### The task
Repeat the listing verbatim. Drop any pictures.

### Stored data
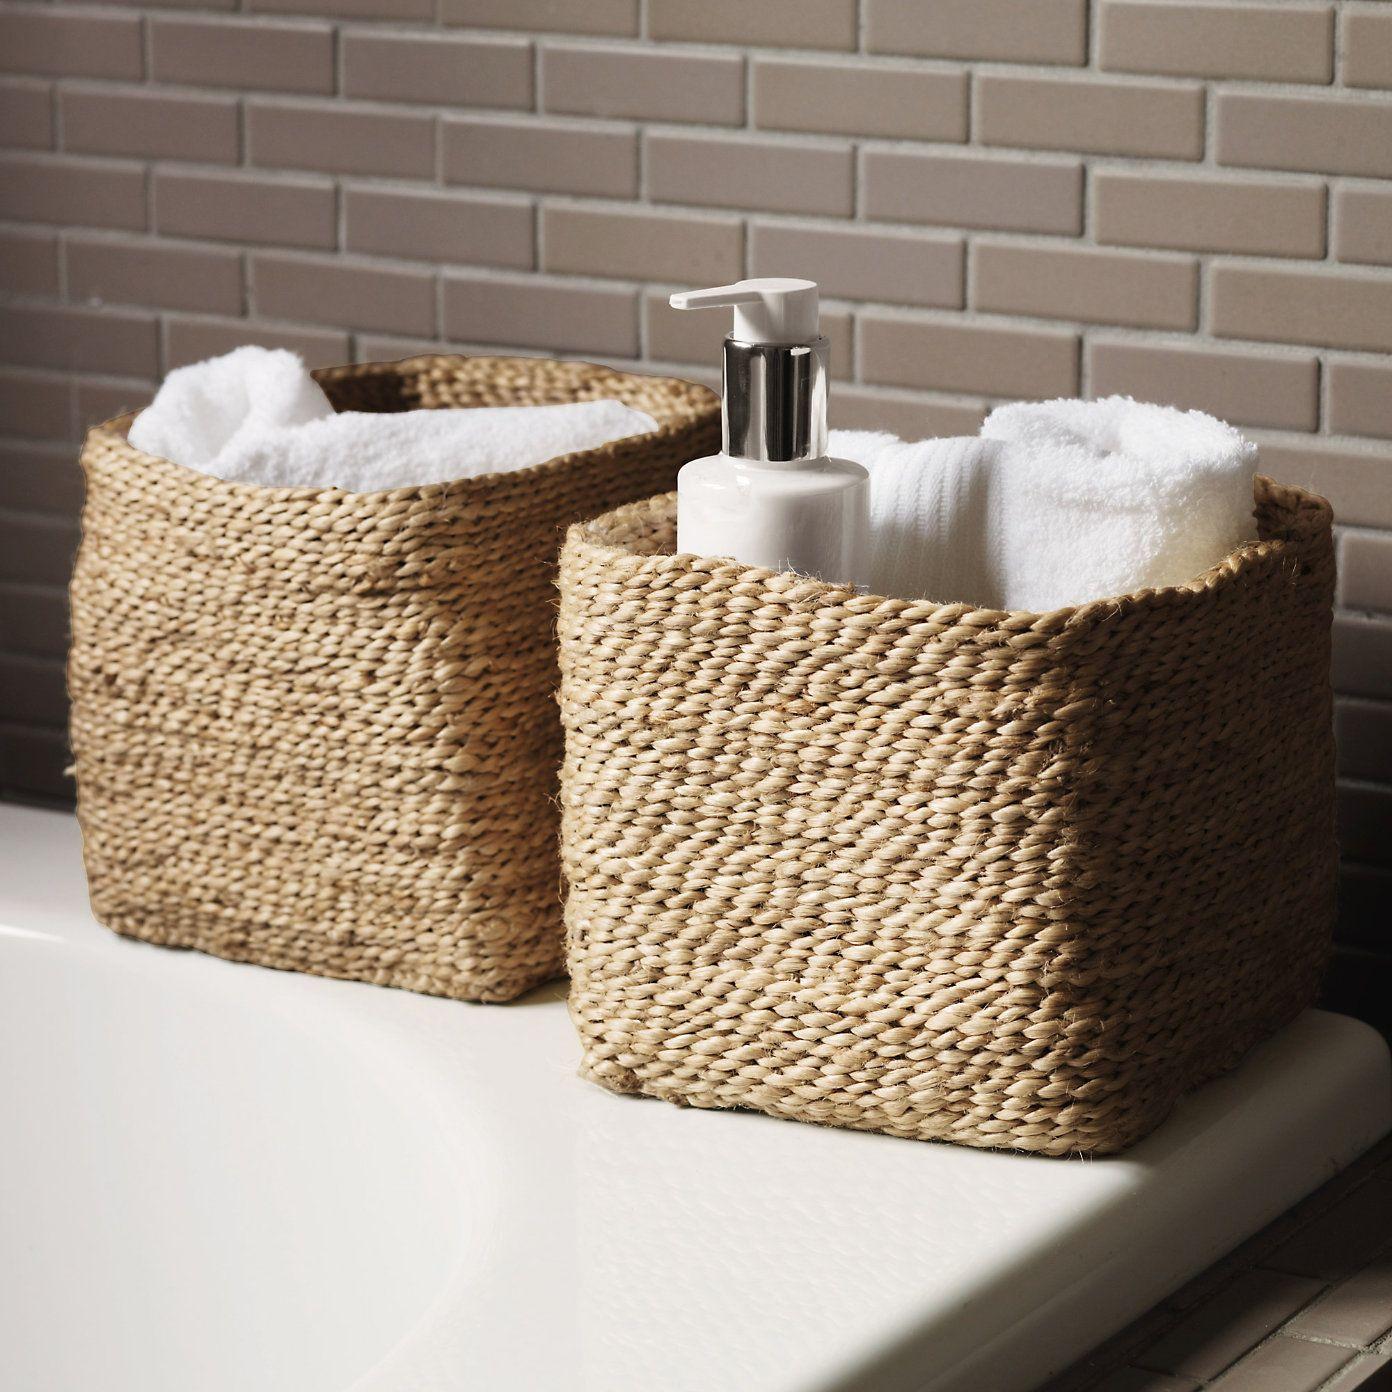 Small Jute Storage Basket Bathroom Accessories Thewhitecompany Com Bathroom Basket Storage Bathroom Baskets Rustic Bathroom Vanities
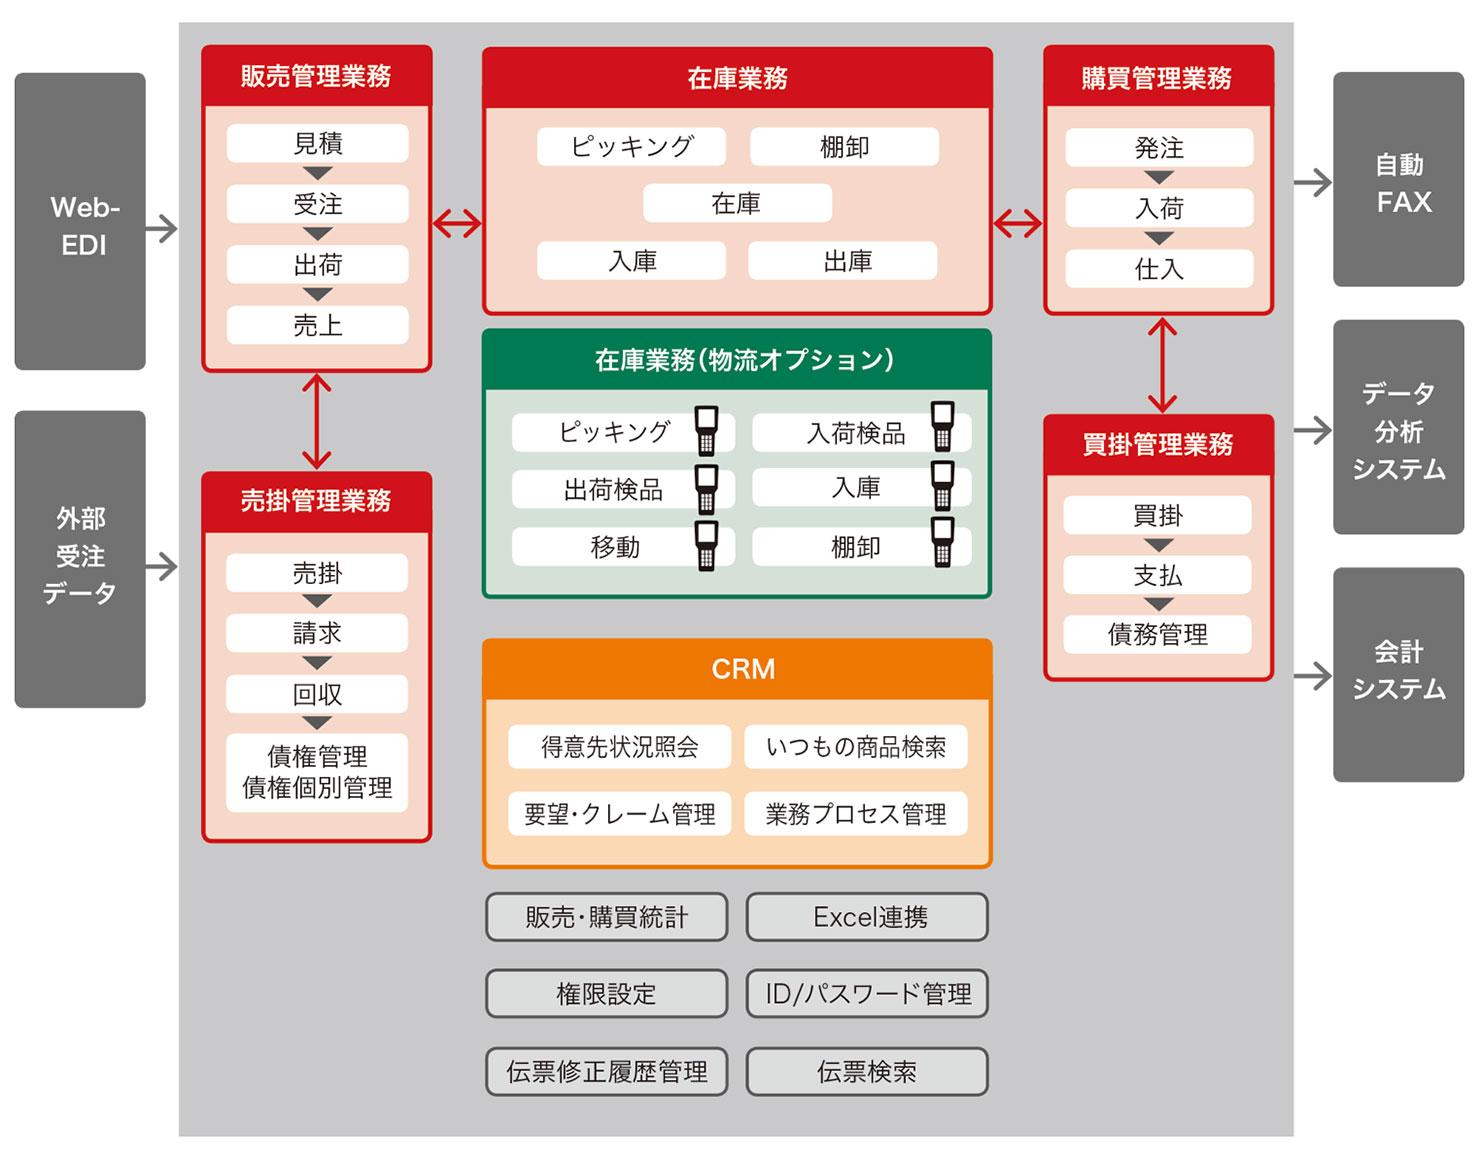 スーパーカクテルCore販売のシステム構成
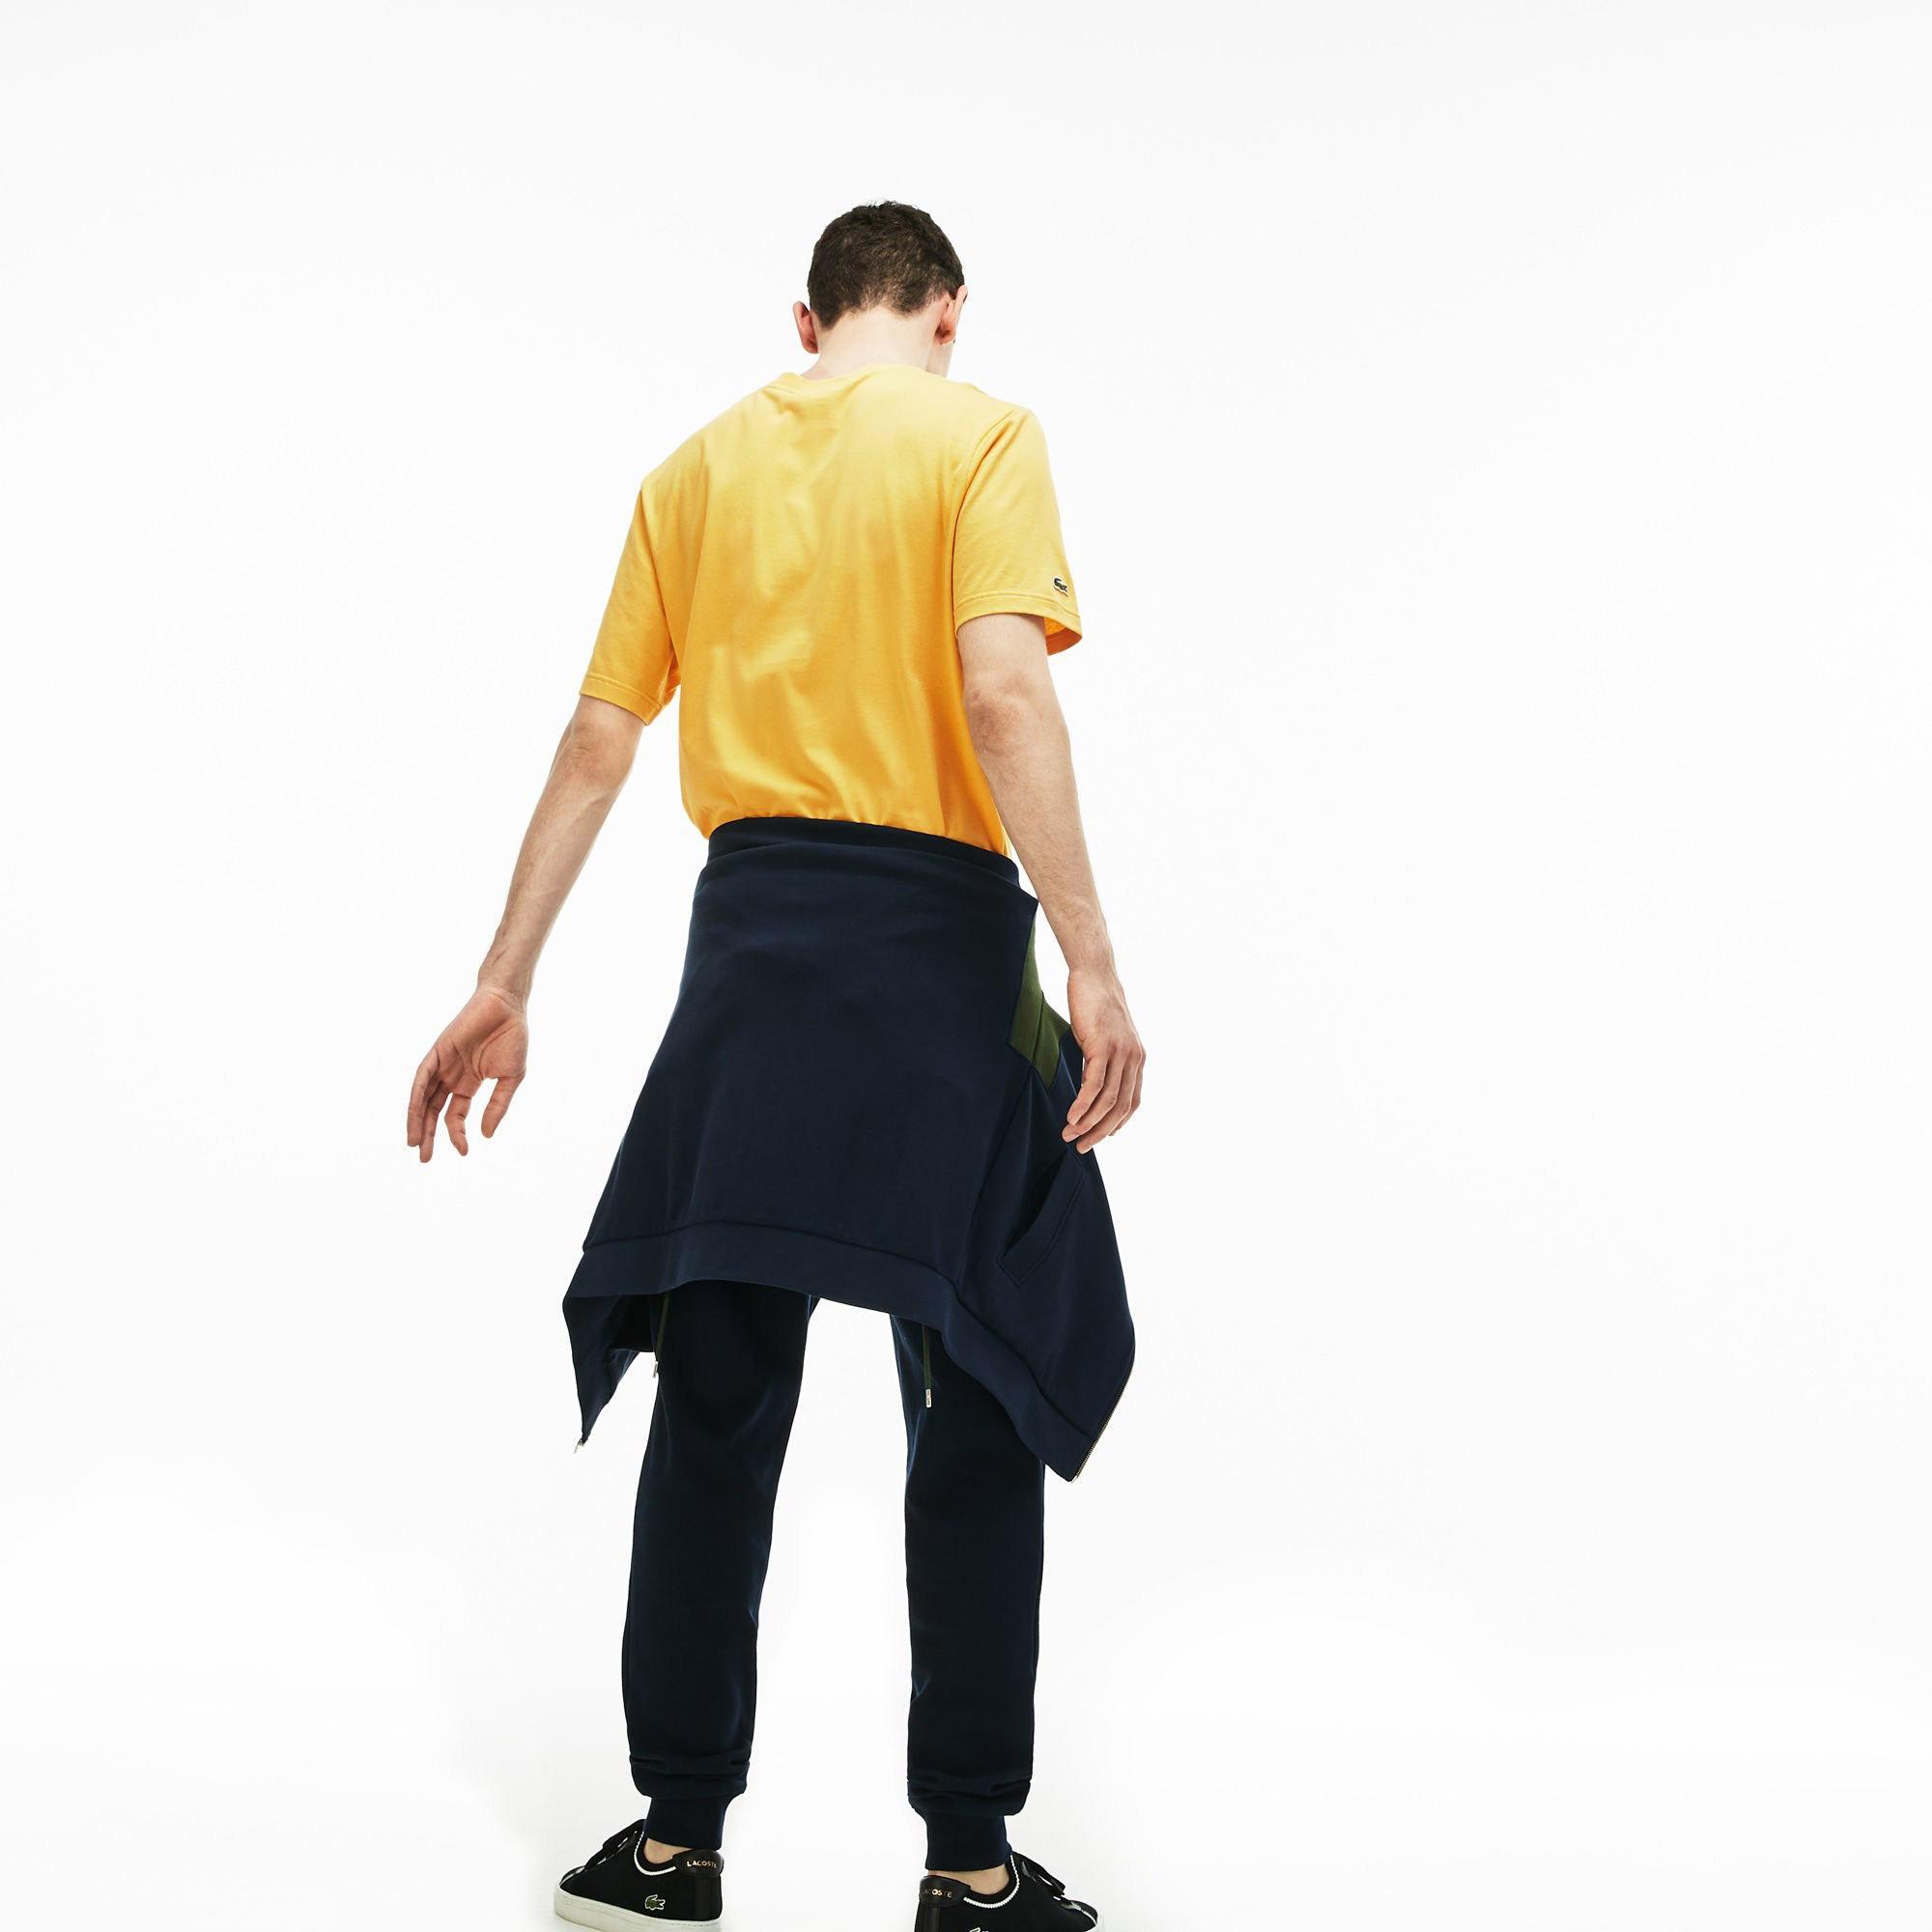 Lacoste Men's Crew Neck T-Shirts

### Task result
 Small Jute Storage Basket Bathroom Accessories Thewhitecompany Com Bathroom Basket Storage Bathroom Baskets Rustic Bathroom Vanities
 スーパーカクテルCore販売のシステム構成
 Lacoste Men's Crew Neck T-Shirts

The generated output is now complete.